On the frontline in the battle against superbugs


While Australia is in a better position than many other countries when it comes to the prevalence of antibiotic-resistant bacteria, the SARS-Cov-2 pandemic could see a rise in home-grown superbugs.

One of Australia’s leading infectious disease physicians, Professor David Paterson treats patients with antibiotic-resistant infections almost every day.

COVID-19 could lead to a rise in superbugs

Dr David Paterson
Dr David Paterson

He fears the large number of COVID patients hospitalised with secondary infections could lead to an increase in superbugs.

Dr Paterson said it remains to be seen whether that will occur, but “that has certainly been the experience overseas when large numbers of COVID patients go into Intensive Care Units”.

Dr Paterson, Director of The University of Queensland’s Centre for Clinical Research (UQCCR) and an Affiliate Professorial Research Fellow with IMB, cites a case where a patient was repatriated back to Brisbane after spending time in an ICU overseas.

“They brought back with them an almost impossible-to-treat bacterium and we had to get an antibiotic from Japan (via a compassionate use program) that’s not commercially available in Australia.”

The treatment was a success and the patient recovered.

Fast-tracking new weapons against superbugs

Dr Paterson said while COVID-19 provides a host of new problems, it has an unexpected upside: newer weapons with which to fight superbugs.

“I’m taking part in a trial on a vaccine against E. coli and the aim of that is to stop people getting [those] infections.”

It’s possible that many more infection-fighting vaccines could be developed on the back of the new vaccine technology that’s been fast-tracked because of the pandemic.

New contact tracing technology could also be deployed in hospital settings to work out the flow of staff members and patients who may have inadvertently spread infections.

Learning vital lessons from COVID-19

Professor Jason Roberts
Professor Jason Roberts

“I think we’re going to be assisted amazingly by the lessons we’ve learned from this fight against COVID,” Dr Paterson said.

“I feel very proud, that here in Brisbane, we’re at the world forefront of research into antibiotic resistance and that’s going to benefit our population and save lives internationally.”

Dr Paterson is collaborating with fellow UQCCR and IMB affiliate researcher Professor Jason Roberts on a clinical trial to optimise antibiotic dosing in the critically ill.

Professor Roberts is a clinical pharmacist at the Royal Brisbane and Women’s Hospital and one of Australia’s leading researchers on the topic.

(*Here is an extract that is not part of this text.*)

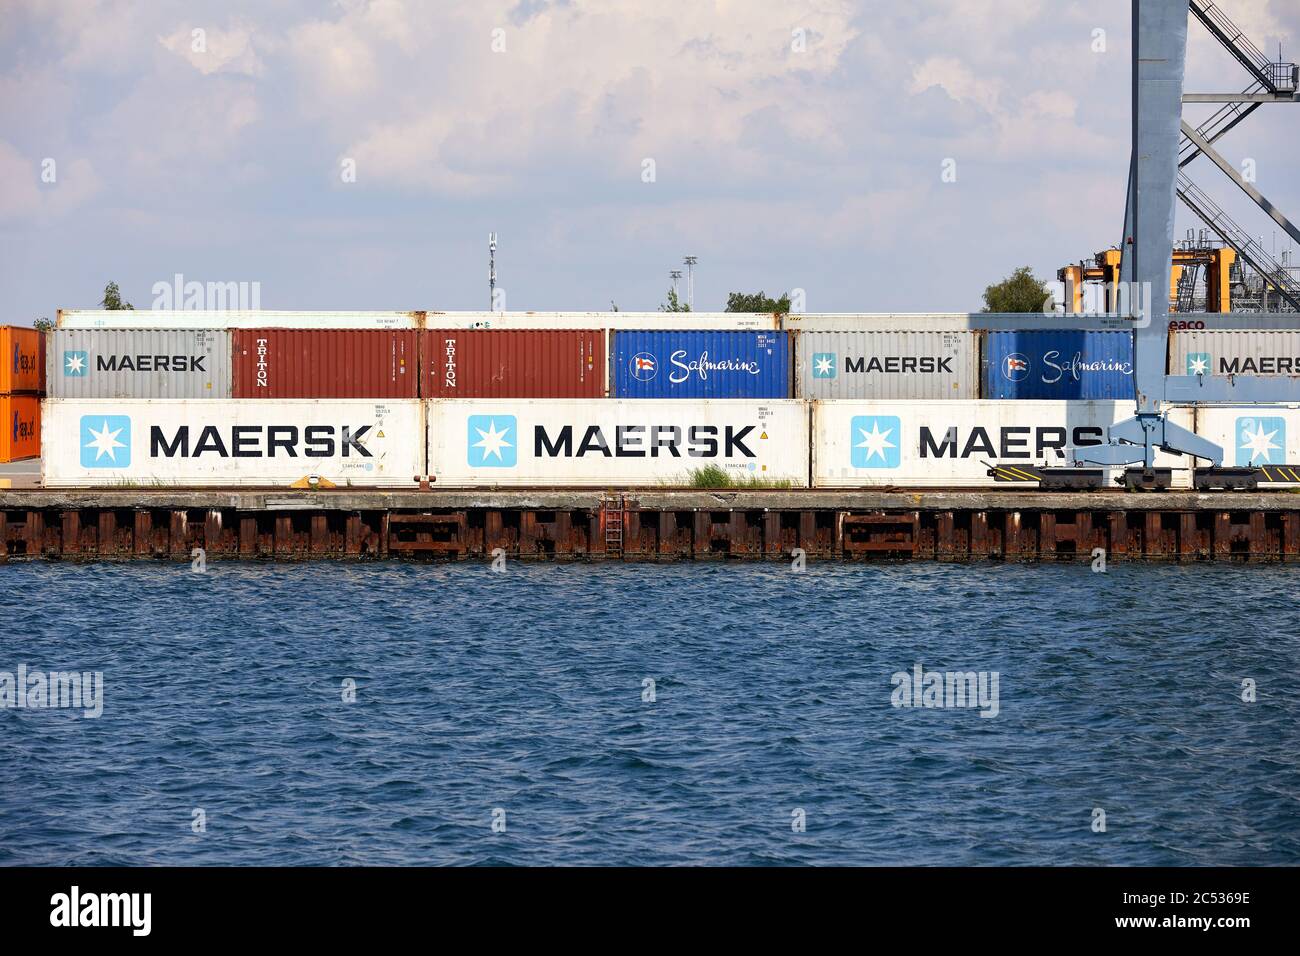 Maersk shipping containers, Copenhagen Harbour, Copenhagen, Denmark Stock Photo
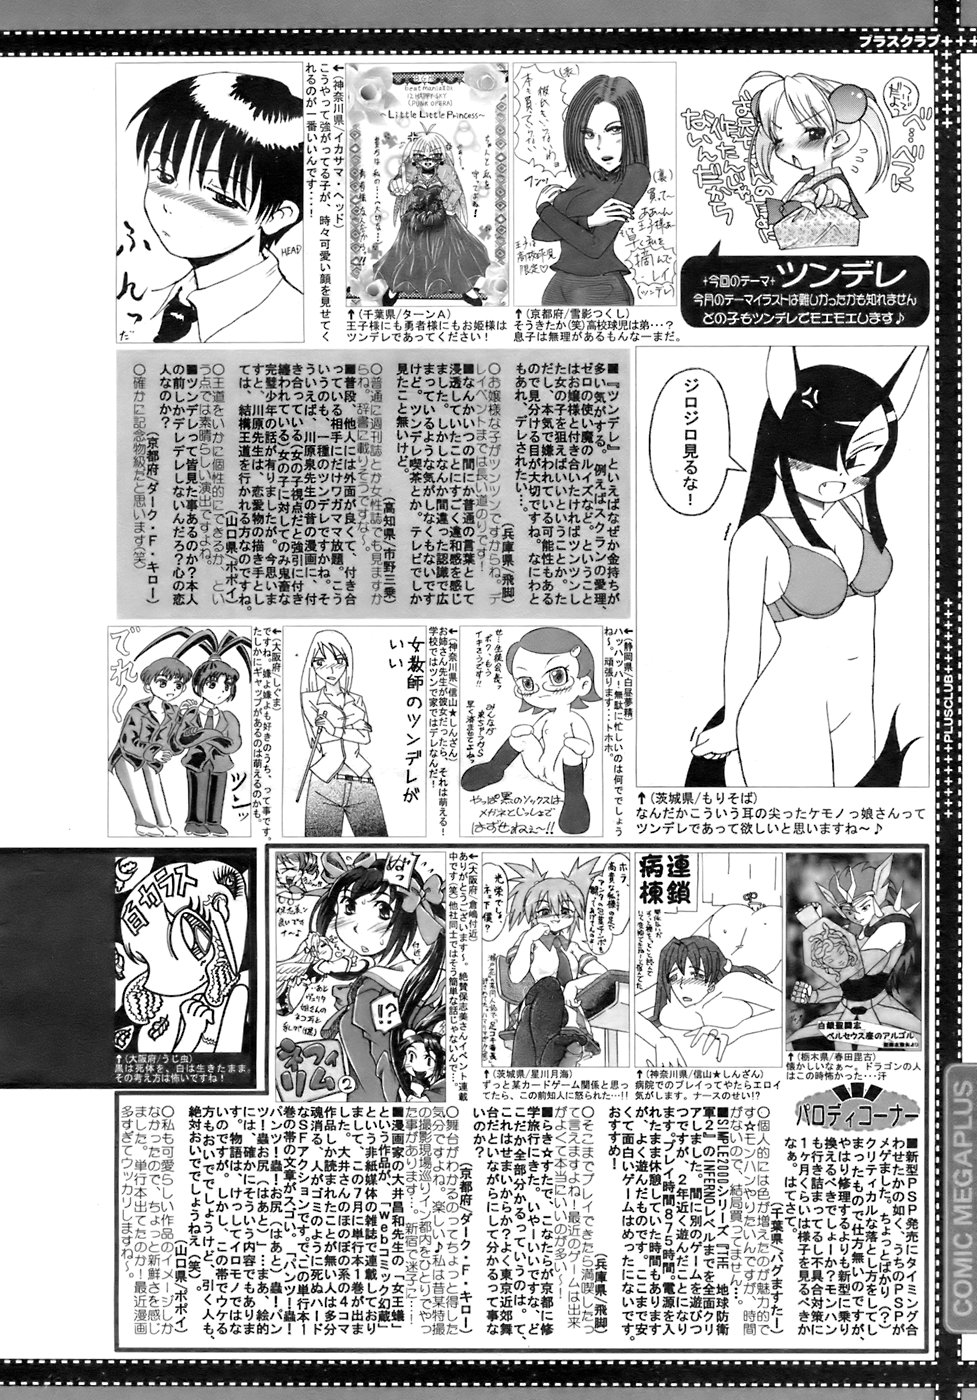 COMIC メガプラス 2007年11月号 第49巻

Like Dr Paterson, he’s concerned about the rise of superbugs in Australia.

Professor Roberts said it is not uncommon for Australian clinicians to be confronted by bacteria that are resistant to all antibiotics, and not able to be treated.

“It’s quite a desperate and difficult situation to be confronted with, and that inspires us to take measures that minimise the number of times that occurs,” Professor Roberts said.

Whenever antibiotics are used, the potential for the emergence of resistance will occur.

Using the optimal dose of antibiotics

Optimal antibiotic dosing regimens may differ across patient populations, and Professor Roberts said 15 years of research has been spent understanding which factors contribute to that need.

“We’ve now included all of those models into dosing software which provides an easy-to-access interface where we can enter information about the patient and it performs calculations to tell us the recommended dose.”

The clinical trials will test whether the dosing software improves patient outcomes,as opposed to relying on a pharmaceutical company’s product information.

“While we believe it will be a highly valuable intervention for patients, it may also reduce the emergence of antibiotic-resistant bacteria,” Professor Roberts said.

Reducing the emergence of resistant bacteria

He and his team at The University of Queensland have established a model to precisely match what is seen in patients while they’re undergoing treatment.

“What we’ve observed is, if your dosing isn’t optimal in about 36 to 48 hours, there’s an emergence of resistant bacteria.

By improving dosing, the model should help reduce antibiotic resistance.”